Sorry, sometimes the best and most romantic stories we can make up don't end the way we might hope. This is a response to this letter.


Hello, I received your pigeon. An amazing bird of rainbow colors; so few I have known know where to go. I will return him to you; I hope that he will find his way.

I wandered on to your camp the other day, and I was so glad, my heart flooded for the mere promise of a world other than mine. And then I saw you, your raw flesh pink in the darkness and your long, black hair a net with trailing threads, waving in the wind but always centered on your small head. I saw your smile flash now and again behind that eddy, and your teeth were brilliant in a small mouth.

You were enjoying the snow.

I guess you don't know what a snow drift means to me, who have for so many years waded through the darkness of ice and longed for the brilliance of the sun.

I was there, next to you, and I was pleased with your joy, but did you think what it means to me to look at the cold, the everyday, that is constant and unchanging in my life? If I have seen snow, I have seen it piled over my life: I have seen the smallest flake on my textbooks for school and I have seen it rising in drifts when I went to a funeral. A wedding is dug out of the banks, and the few green trees I have seen in my life were pushing only the most pitiful, shriveled buds out from behind hard ice. That cold ice is everywhere: we build our houses in it.

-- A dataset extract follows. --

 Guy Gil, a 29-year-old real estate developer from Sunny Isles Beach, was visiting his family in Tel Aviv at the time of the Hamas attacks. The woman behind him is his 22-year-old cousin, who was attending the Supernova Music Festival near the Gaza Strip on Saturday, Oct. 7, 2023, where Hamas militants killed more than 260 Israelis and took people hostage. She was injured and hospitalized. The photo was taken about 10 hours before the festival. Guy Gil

I admit I have taken a feather from your pigeon, or more than one: the green that is familiar from those striving trees, and orange, that I only see as the sun sets. It only flinched a little, and a single drop of blood fell on the snow.

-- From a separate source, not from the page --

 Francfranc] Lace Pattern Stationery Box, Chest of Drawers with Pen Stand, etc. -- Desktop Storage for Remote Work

So I have a calendar that advances. It tells me from a history unknown to me that I will always see this world. I will dig, and I will dig, and you wonder why I might want to rise above it into the clouds that are made of small drops of water; they melt in the sun, but nothing melts here. My stomach, like the ice, is one hard, twisting space, without release.

But you beckon to me. You beckon to me with your beautiful vision of what great expanse, a world of emptiness that is warmed by the sun, where the beginning becomes the end over and over.

Your birds are dirty, and you ride naked. I will cut into my dark expanse of ice and go to sleep, but never forgive that you thought you were better.